Friday, June 13, 2014

Ordinary People

There are inexplicable things. 

On a warm spring day in my small town, a short and squat Asian woman waits by the bus stop. She is the personification of every National Geographics photo of Mongolian femininity. Only the yurt is missing. She wears a fur hat, and has a black eye. She is smiling, showing strong and even porcelain-white teeth, and she’s holding a McDonald’s Happy Meal.

A few minutes later, that very same morning, a tall, cadaverous man strides by dressed from head to toe in a grey sweat suit, the likes of which has not been seen since 1964. He wears a jaunty golf gap and strides purposefully forward, his head bobbing a good 12 inches forward of his knees. He is a human egret and I don’t understand why he does not pitch headfirst, a victim of his own momentum.

Sitting at an outdoor table at a sidewalk café, a man with a hole in his throat smokes a cigar. He is a neighborhood fixture, and for a decade at least has maintained this strange regimen. I have never seen his mouth, which is always covered by a soiled handkerchief. He places the cigar over the hole in his throat and inhales; he exhales through his nose. His eyes are rheumy and bloodshot; he coughs, dabs at the hole in his throat with a Kleenex, looks at his cigar, and repeats the procedure. This is a vision to scare small children, and every time I see him, I wonder what happened to this man and why. I discovered many years ago that he is mute. I suppose his vocal chords have been destroyed, a precursor of the fate of his remaining physiognomy.

At the local coffee shop an elderly man’s voice rises as he talks on his cell phone; it’s hard not to overhear. He’s shouting to someone called Mary that he knows the difference between Belgian endives and watercress and he will bring home the latter, not the former, which he knows she dislikes, and yes, for God’s sake, he can be trusted to know which is which even if  Mary, obviously, does not believe him. “Good bye!” he yells, then looks guiltily around. At least a dozen customers have heard the argument. He frowns and bullies his morning bagel.

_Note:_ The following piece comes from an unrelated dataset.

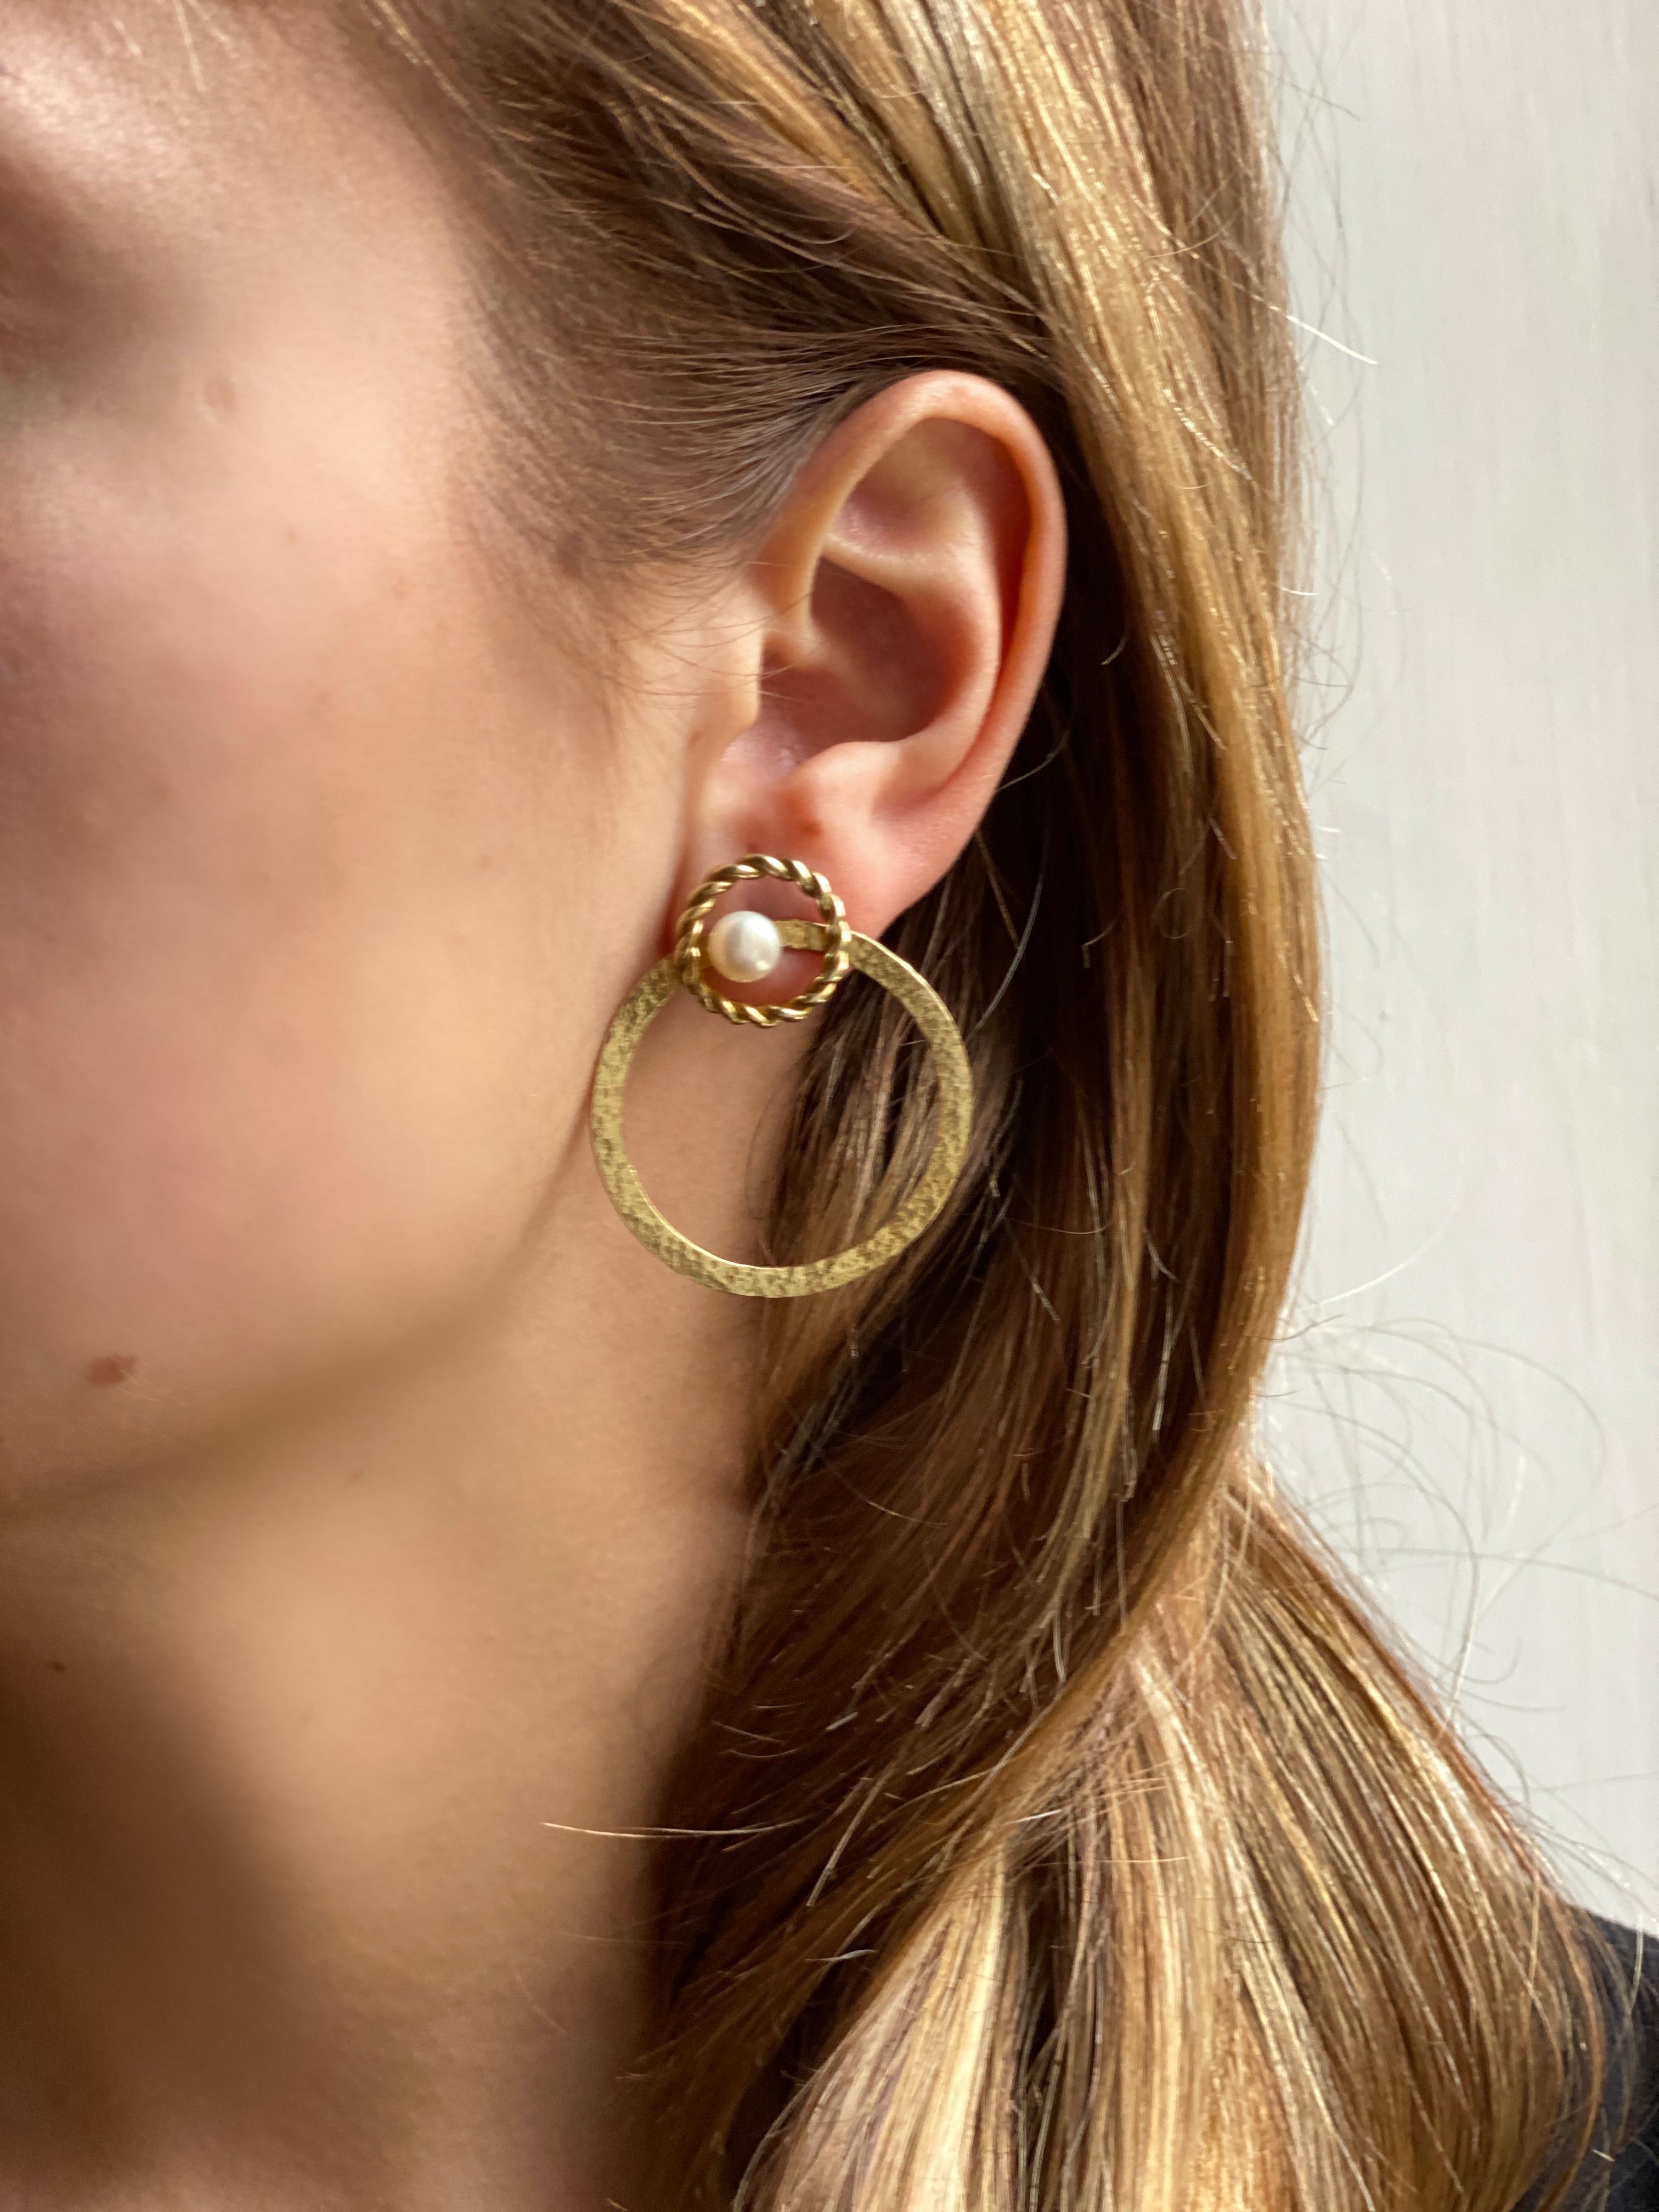 Entdecken Sie Eleganz in Bewegung mit Rossella Ugolinis gehämmerten Ohrringen aus 18 Karat Gelbgold mit offenem Reif und großem Kreis, die in Handarbeit hergestellt wurden. Diese in sorgfältiger Handarbeit gefertigten Ohrringe zeugen von
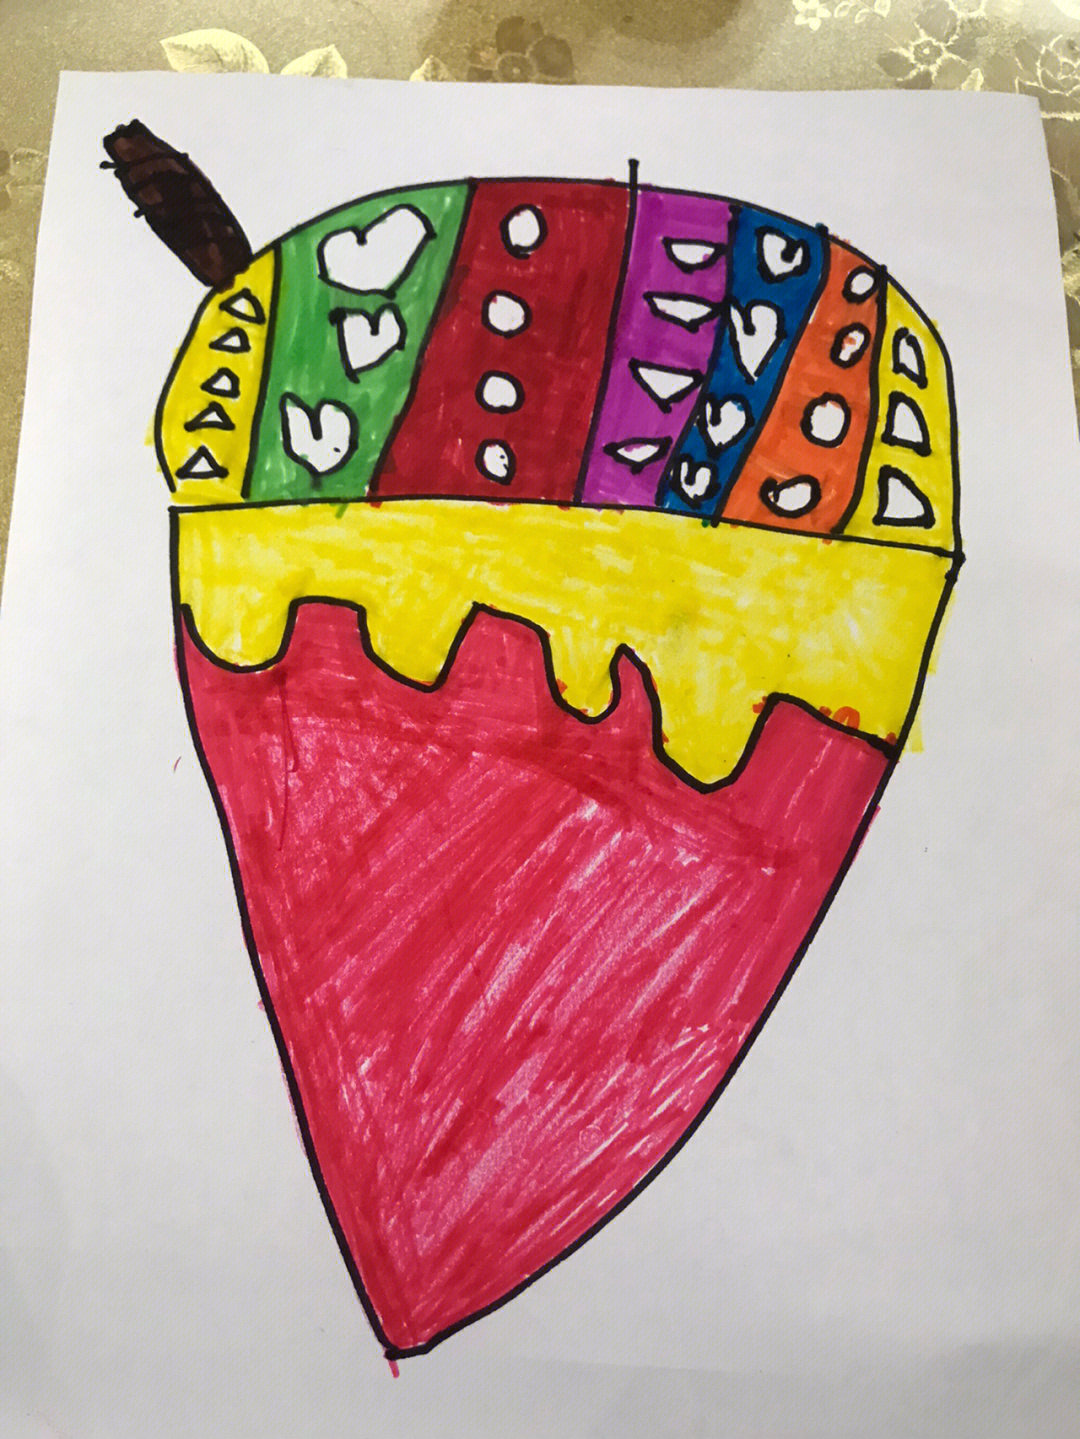 小班美术教案冰淇淋图片

Later that afternoon I run into Mary, a homeless woman who speaks fluent if accented French. Mary lives at the Quarry Motel, a guest of the state and of the county, and the better part of her day is spent in front of a local Starbucks nursing a large cup of decaf.  Mary’s hair is dyed a deep and glossy black with blue overtones and her mouth is a slash of scarlet. She can be angry or kind, and occasionally a mixture of both. I know her story because a couple of winters ago, I gave her rides home during the worst of the cold, and she rewarded me with a threadbare blue scarf she pulled out of a plastic bag. She said it was my color, and strangely enough, it is.

Mary says she was the wife of an Army general who dumped her for his secretary, long enough ago that Mary had no legal protection. Today, she would. Back then, the military did not concern itself with the former wives of officers, and she found herself without income or home. She worked in the glove aisle of Garfinckel’s and lived at her sister’s house until alcohol got the best of her and the sister died.  She was fired for cursing at a customer while under the influence, and luckily this was the same month her Social Security kicked in.

Mary speaks French, passable Italian, and Korean--fairly decently, I was told. She served in the American Embassy in Seoul with her military husband, whom, she will tell anyone listening was an evil sonofabitch who screwed anything in skirts but refused to give her children.

Mary’s days are numbered, I suspect. She has taken on the florid hue of a street drunk and when I saw her, she wore the fruity reek of a cheap wine drinker. She’s unsteady on her feet and her two top incisors are gone, leaving a cavernous black inch-long gap in her teeth. I guess she’s given up going to AA meetings.

Some years ago, she was commended by a local sober house for the imaginative sculpture she created in the front yard. It was a kinetic thing of bicycle wheels, tins cans stripped of labels, and sheet metal cut and bent in the shape of angels’ wings.

The local paper ran a picture of it on its front page, and a week later the neighbors got a court order to take it down. Mary disassembled her creation carefully and when the complaining neighbors were gone on vacation, buried it in their backyard.